Graph + Vector Databases Explained

If You're Coming from SQL

Most developers know SQL databases (PostgreSQL, MySQL, SQLite). Data lives in tables with rows and columns. This works great when your data fits neatly into a spreadsheet shape. But some data doesn't.

SQL Database (Tables)

| person_id | name  | knows_id |
|-----------|-------|----------|
| 1         | Alice | 2        |
| 2         | Bob   | 3        |
| 3         | Carol | 1        |

Relationships require JOIN operations. Following a chain of connections (who does Alice know, and who do they know?) requires nested JOINs that get exponentially slower.

Graph Database (Triples)

Alice  knows  Bob .
Bob    knows  Carol .
Carol  knows  Alice .
Alice  type   Person .
Bob    type   Person .

Relationships are the data. Following a chain of any length is a single query. No JOINs, no schema to define upfront. Add new relationship types anytime.

When to use what

Your data looks like...	Use
Spreadsheets, invoices, accounting	SQL (PostgreSQL, SQLite)
Documents, nested JSON, catalogs	Document DB (MongoDB)
Relationships, networks, knowledge, ontologies	Graph DB (SutraDB)
Embeddings, similarity search, recommendations	Vector DB (SutraDB)

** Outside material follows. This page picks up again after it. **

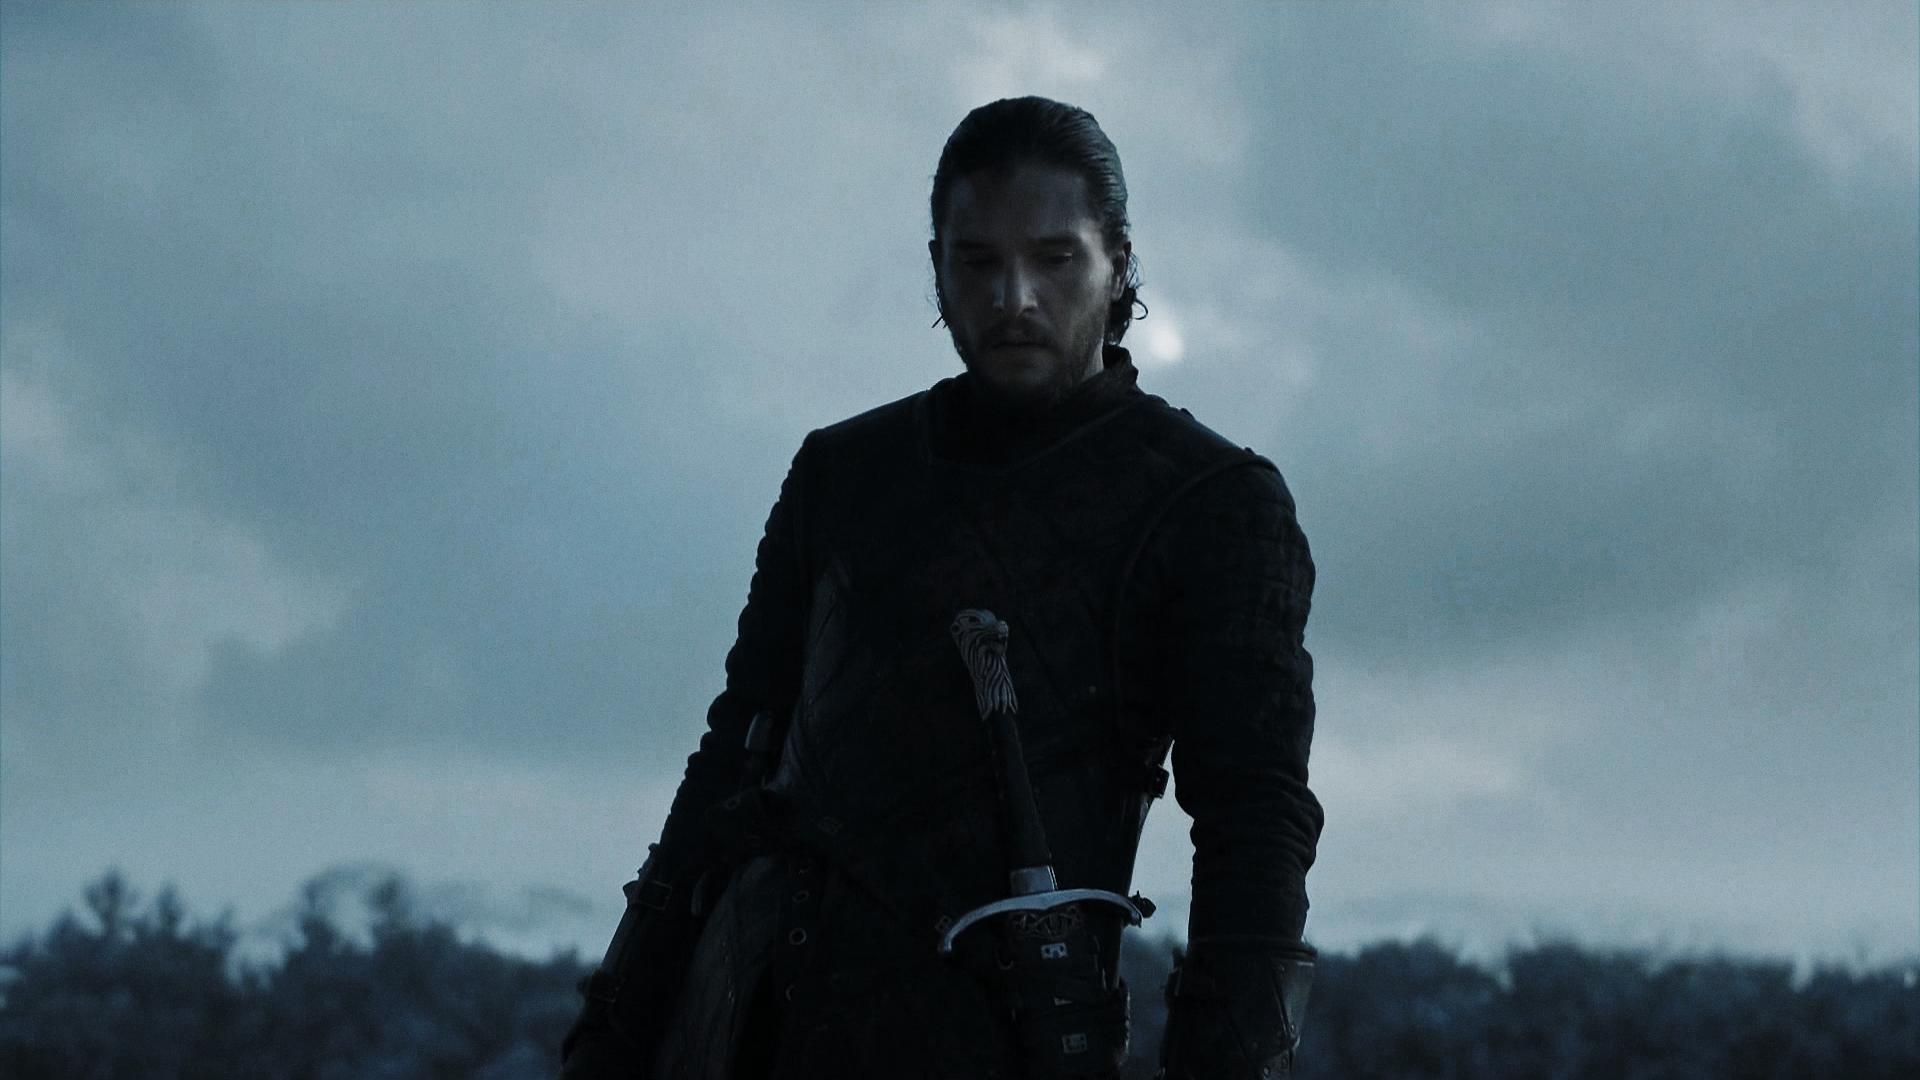 Download Game Of Thrones Jon Snow Wallpaper 1080p For Desktop 1920x1080

If You're Coming from MongoDB

MongoDB stores documents — nested JSON objects. It's schema-flexible and fast for key-based lookups. But it goes in almost the opposite direction from a graph database:

MongoDB (Documents)

{
  "name": "Alice",
  "knows": ["Bob", "Carol"],
  "interests": ["ML", "RDF"]
}

Data is denormalized — everything about Alice is in one document. Traversing relationships means looking up other documents by reference. No native relationship traversal.

SutraDB (Graph)

Alice knows Bob .
Alice knows Carol .
Alice interest ML .
Alice interest RDF .
Bob knows Carol .
Bob interest Databases .

Data is normalized into relationships. "Alice knows Bob and Bob knows Carol" is a two-hop traversal in one query. The shape of the data IS the query path.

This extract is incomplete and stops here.